● **What is expected**: Without any of the pictures, print every record below exactly.

(Items from a dataset)

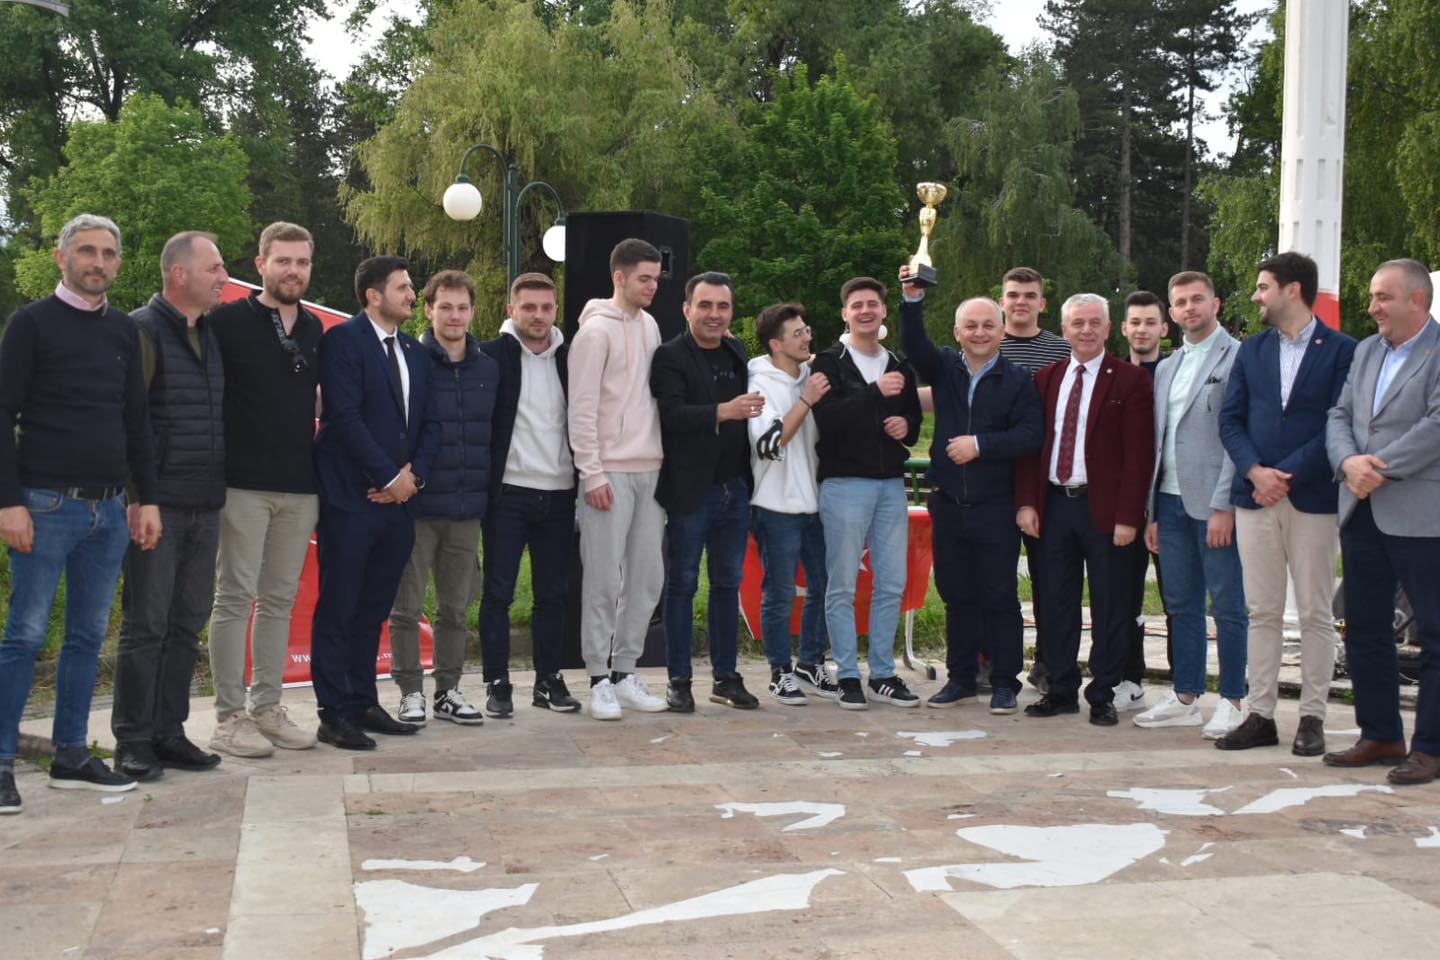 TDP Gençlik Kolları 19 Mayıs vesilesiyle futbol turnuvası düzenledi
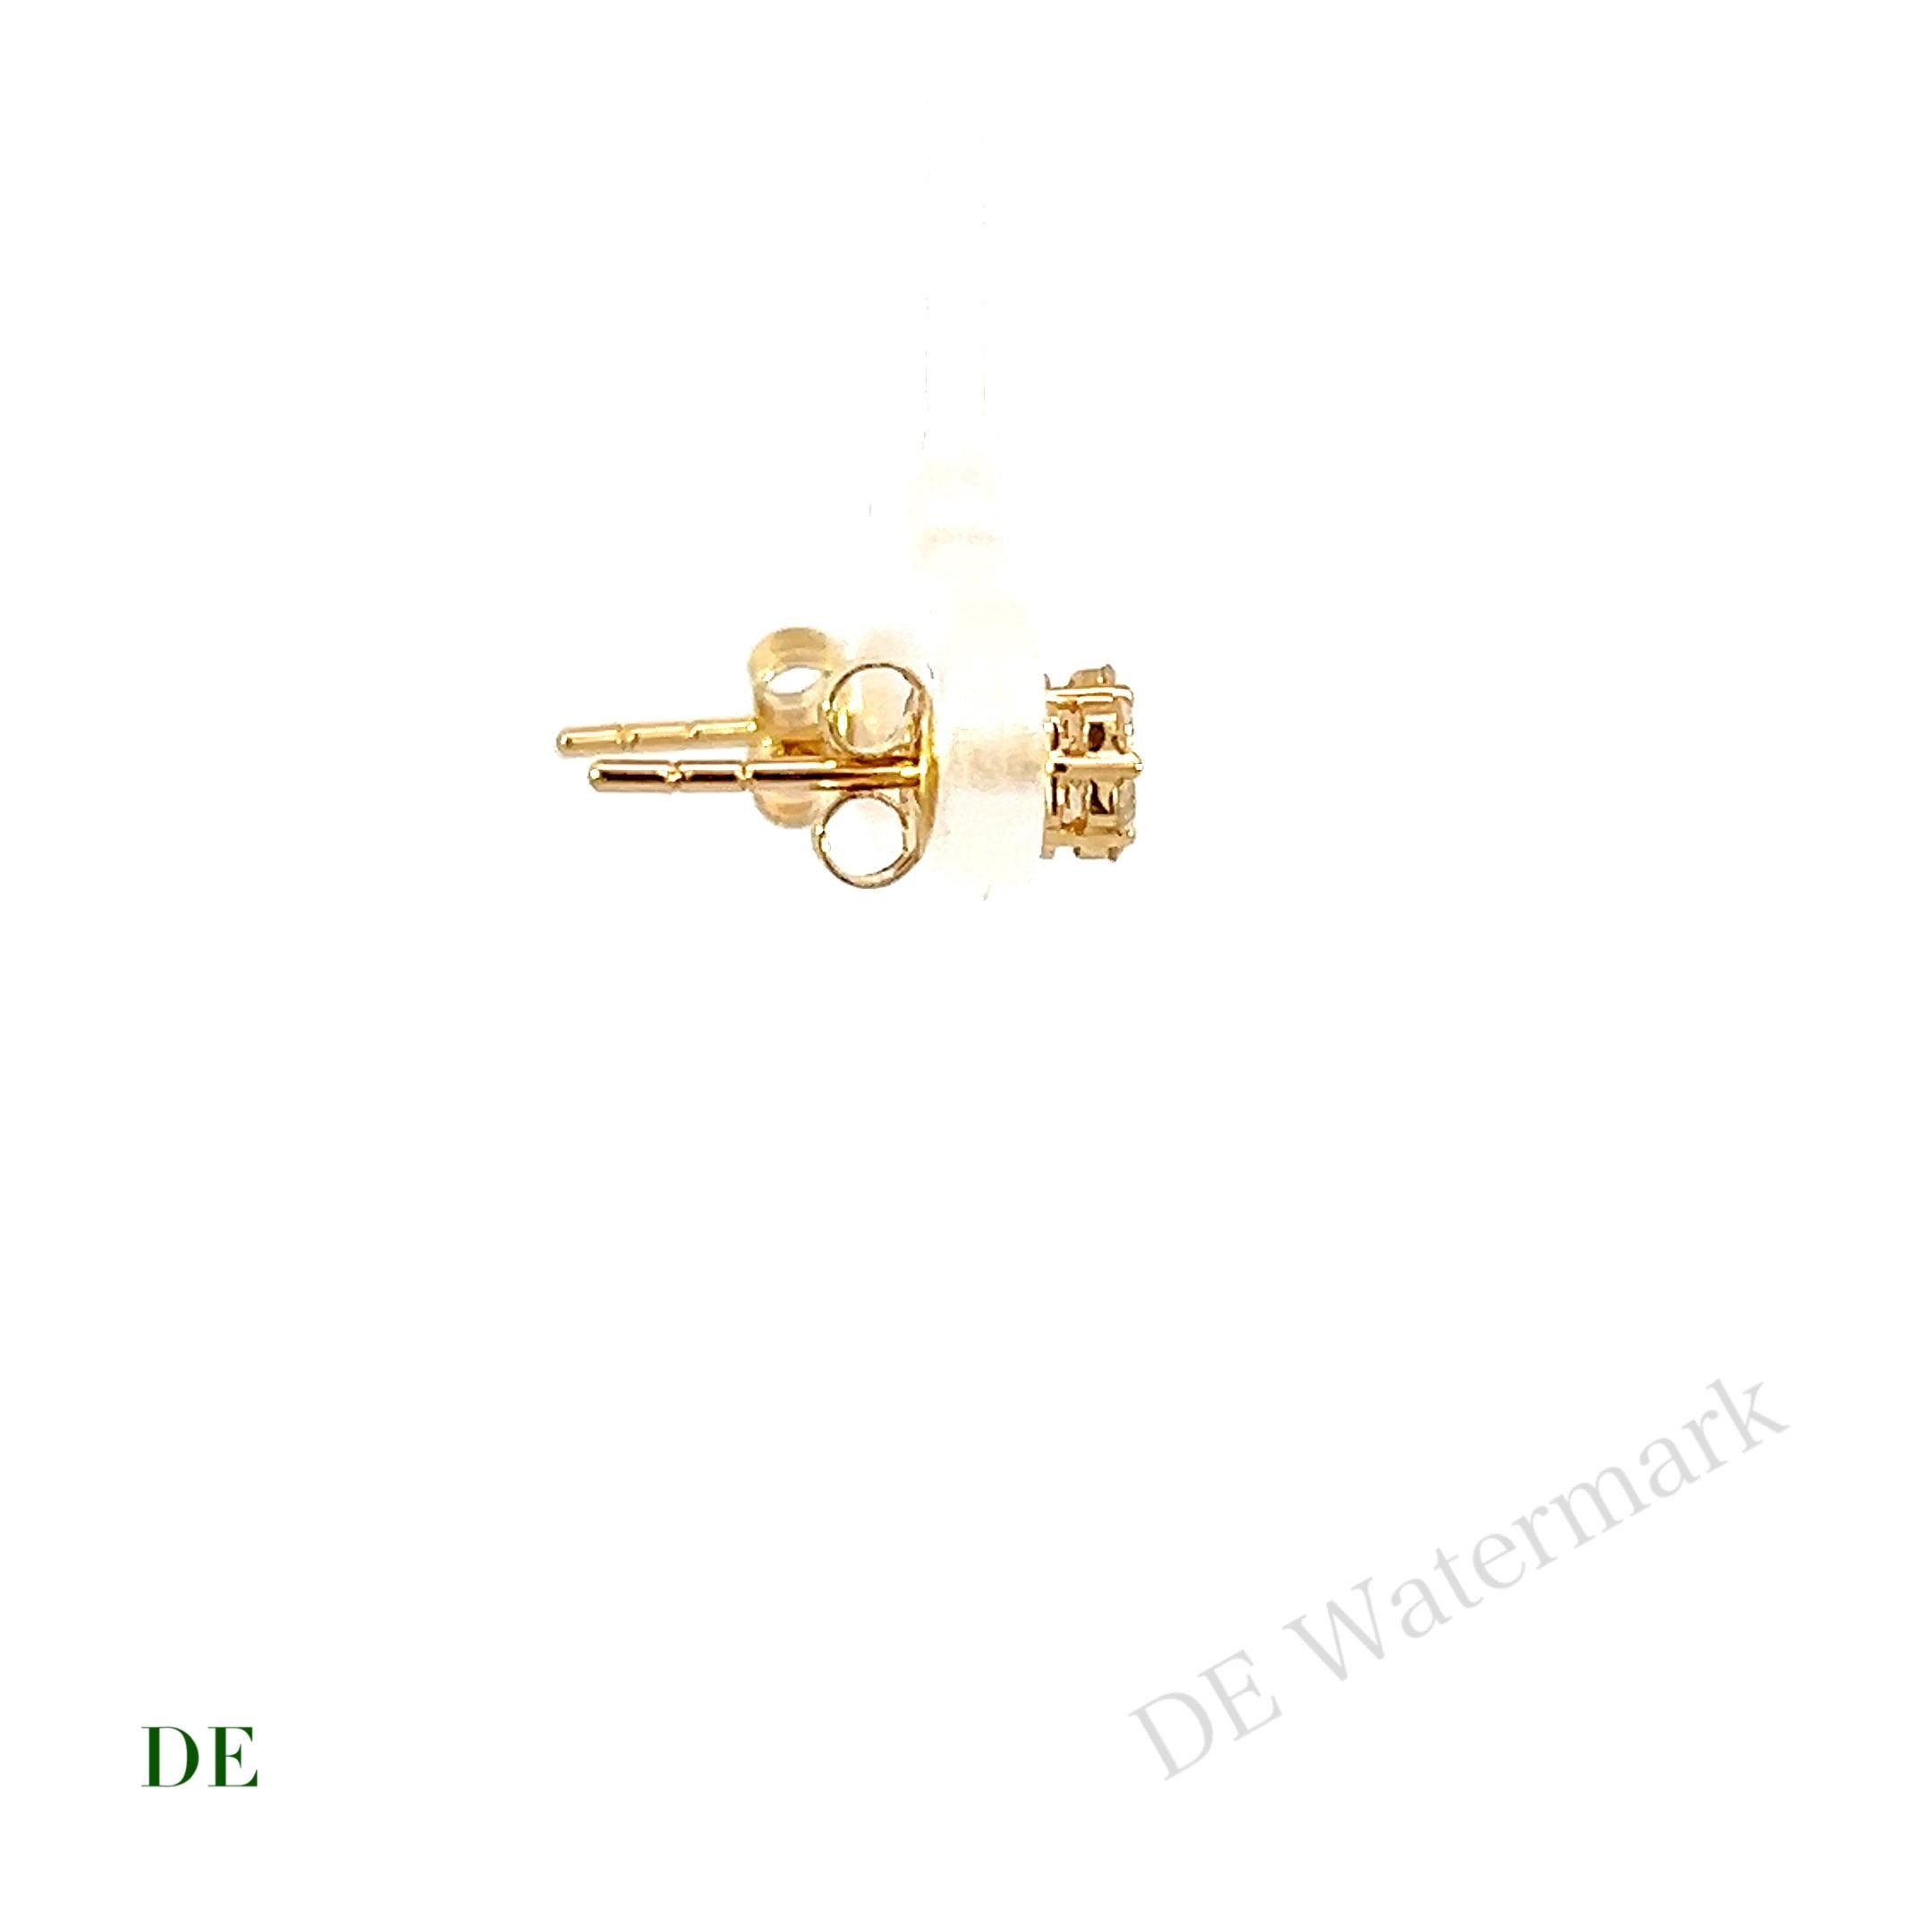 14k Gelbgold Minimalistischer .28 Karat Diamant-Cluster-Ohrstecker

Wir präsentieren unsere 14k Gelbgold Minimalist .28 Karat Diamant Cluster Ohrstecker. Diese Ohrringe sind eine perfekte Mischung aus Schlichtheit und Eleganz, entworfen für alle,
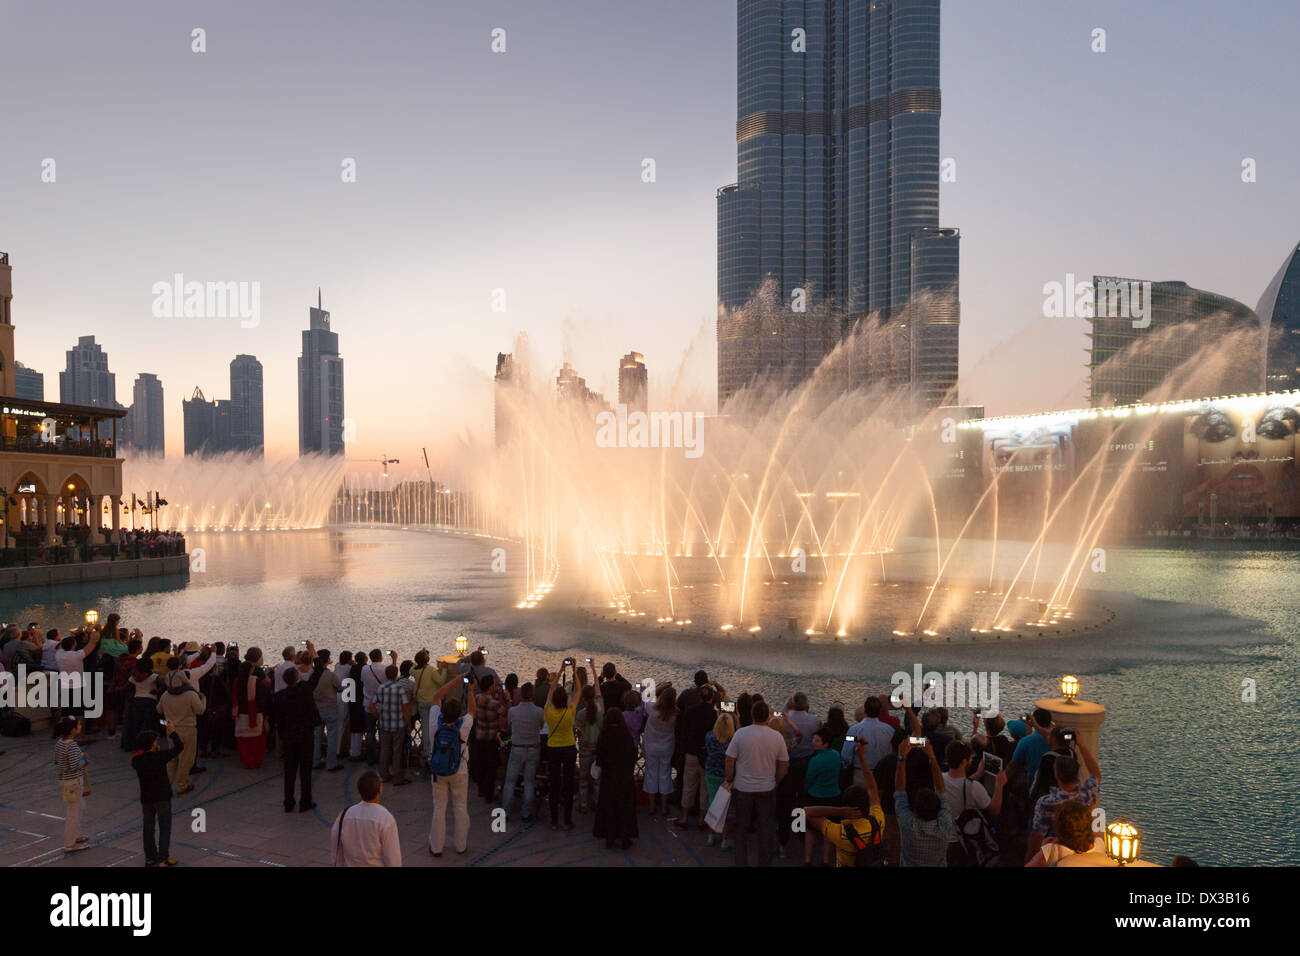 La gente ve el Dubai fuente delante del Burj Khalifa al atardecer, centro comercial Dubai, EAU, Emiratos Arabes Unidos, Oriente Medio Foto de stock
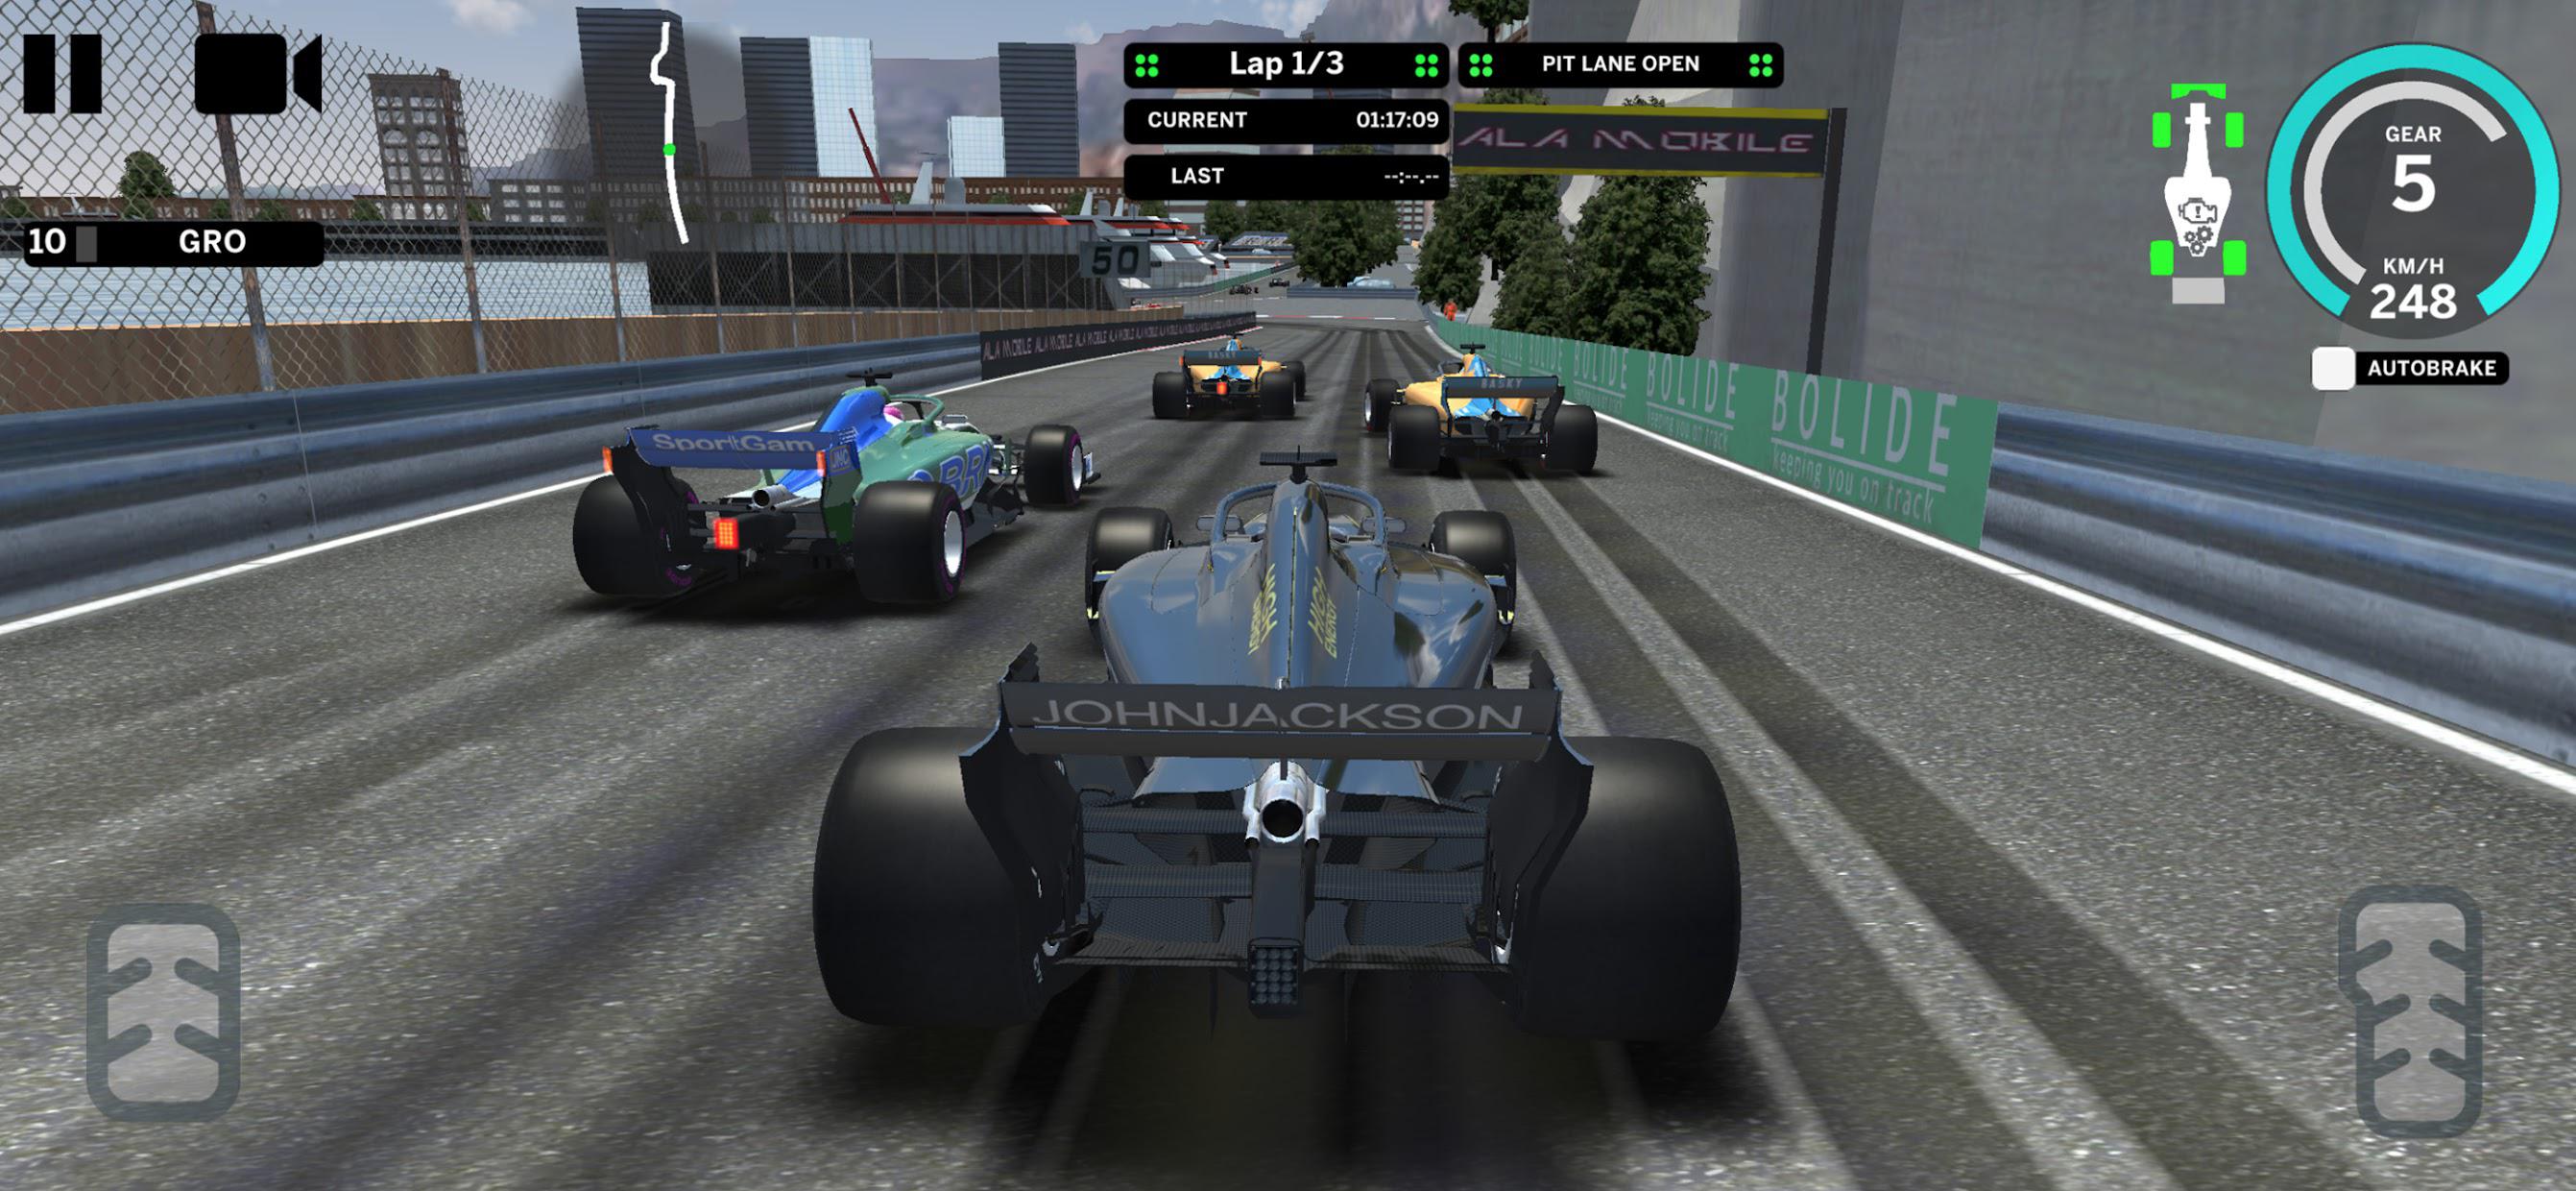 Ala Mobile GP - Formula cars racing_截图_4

● **Written answer**:
 TDP Gençlik Kolları 19 Mayıs vesilesiyle futbol turnuvası düzenledi
 14k Gelbgold Minimalistischer .28 Karat Diamant-Cluster-Ohrstecker

Wir präsentieren unsere 14k Gelbgold Minimalist .28 Karat Diamant Cluster Ohrstecker. Diese Ohrringe sind eine perfekte Mischung aus Schlichtheit und Eleganz, entworfen für alle,
 La gente ve el Dubai fuente delante del Burj Khalifa al atardecer, centro comercial Dubai, EAU, Emiratos Arabes Unidos, Oriente Medio Foto de stock
 Ala Mobile GP - Formula cars racing_截图_4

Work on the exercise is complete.